In order to achieve symptom resolution and prevent irAE recurrence, an appropriate corticosteroid treatment course with a carefully planned tapering strategy is crucial.¹¹ However, immune-related cystitis is not well documented, and definitive recommendations regarding the initial corticosteroid dose and subsequent tapering strategies are lacking. In our case, the initial prednisone dose was 40 mg per day, which was tapered over 4 weeks. During the tapering process, symptoms recurred. As previously reported,¹⁵ rapid steroid tapering may cause recurrence of immune-related cystitis. Following temporary intravenous methylprednisolone administration, the prednisone dose was tapered over 10 weeks. However, symptoms recurred 1 week after Prednisone discontinuation, suggesting possible steroid dependence. Therefore, the prednisone dose was increased to 30 mg per day and then tapered by 5 mg every 2 weeks to a maintenance dose of 15 mg per day, with no subsequent recurrence of immune-related cystitis. One case of steroid-resistant immune-related cystitis was successfully managed with Infliximab,²² suggesting that Infliximab may be a therapeutic option for steroid-dependent immune-related cystitis.

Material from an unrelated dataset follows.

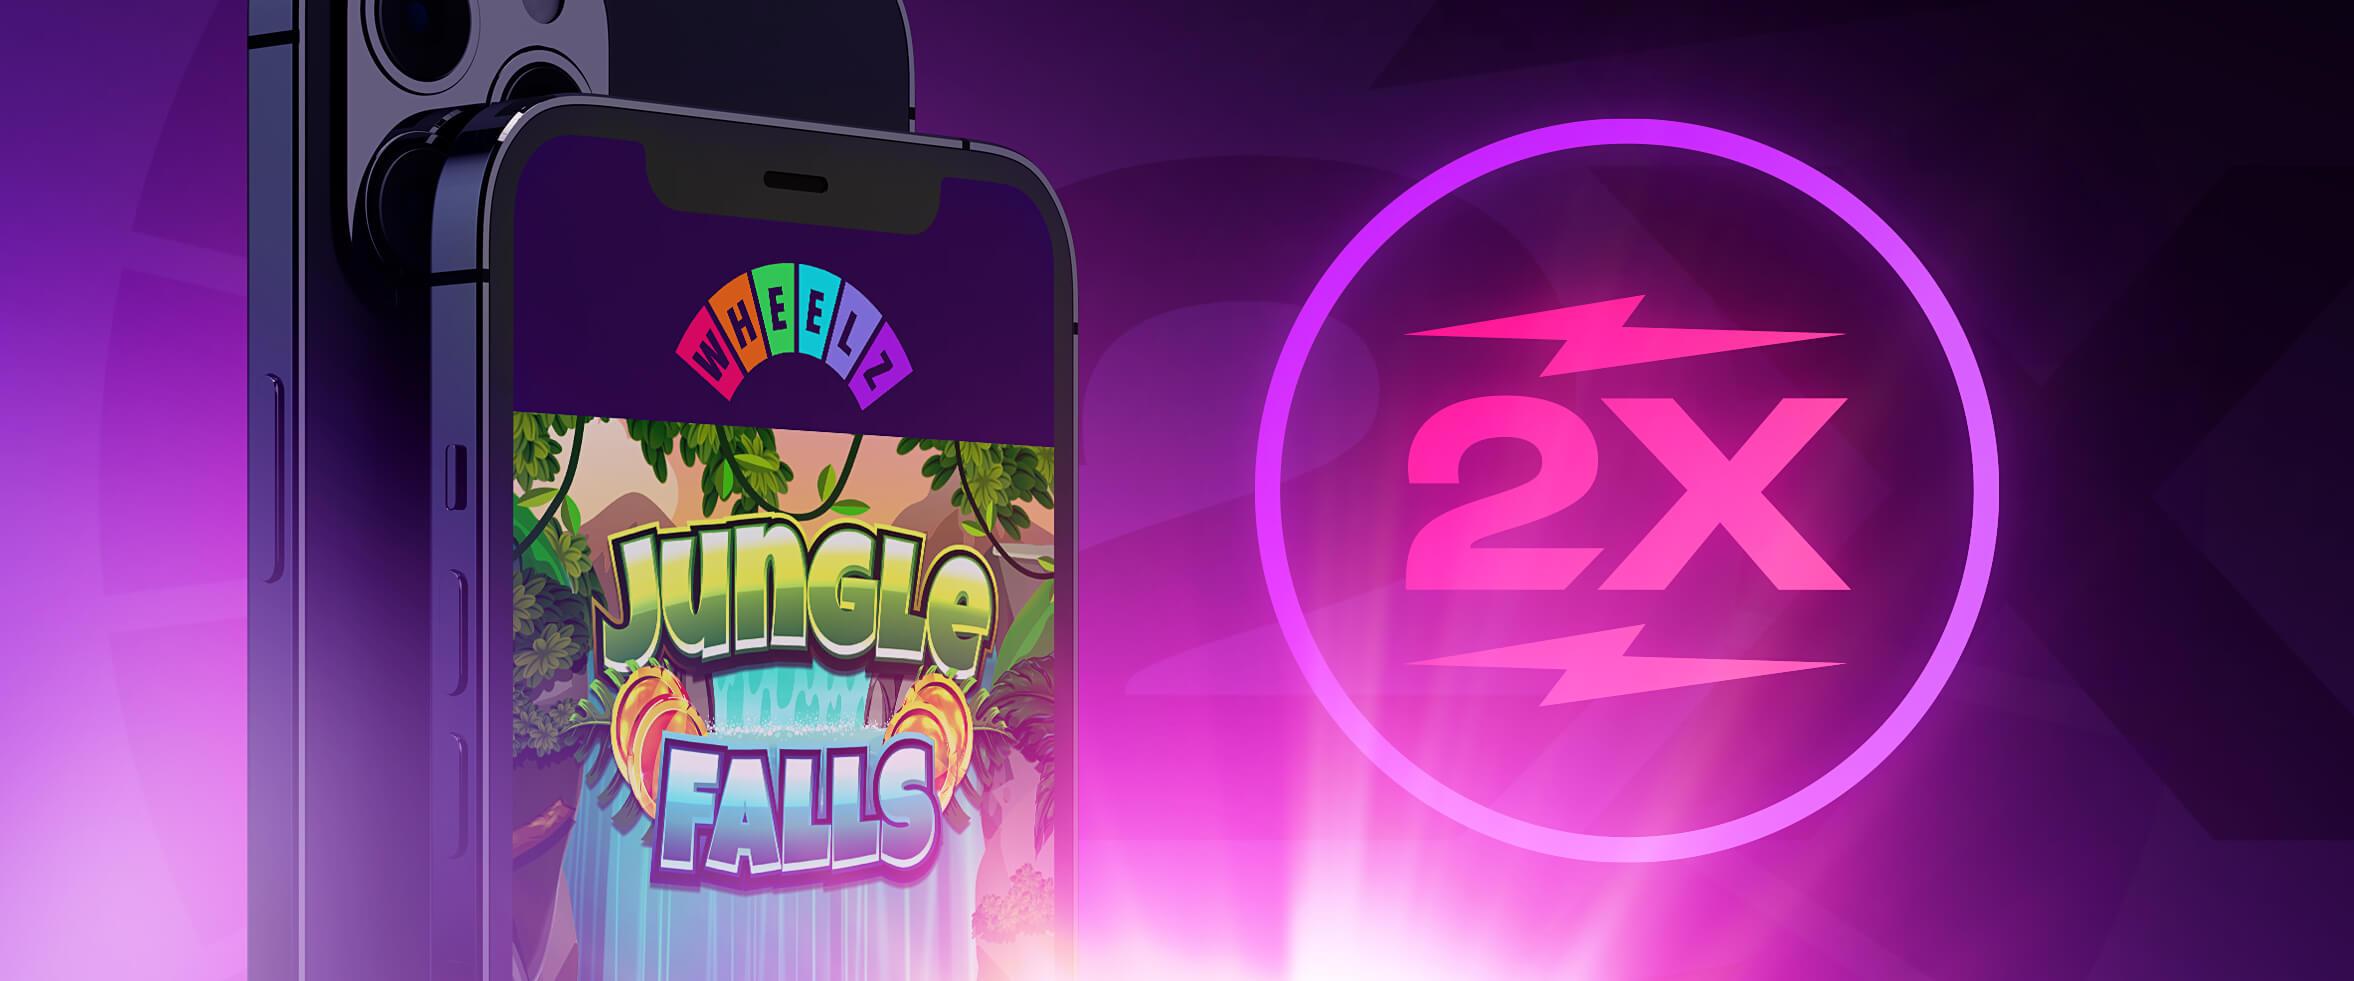 Double Speed eksklusiiviseen Jungle Falls -uutuuspeliin

With close monitoring for irAE recurrence, immunotherapy rechallenge may be considered once a grade 2 irAE has resolved to grade 1 or below.¹¹ The patient experienced two distinct irAEs, and the immune-related cystitis exhibited potential steroid dependence. Although initiating corticosteroid therapy after irAE onset does not appear to diminish ICI efficacy,¹¹ immunotherapy should not be resumed unless the corticosteroid dose is reduced to ⩽10 mg prednisone equivalent per day.²³ In our case, immunotherapy rechallenge was not pursued.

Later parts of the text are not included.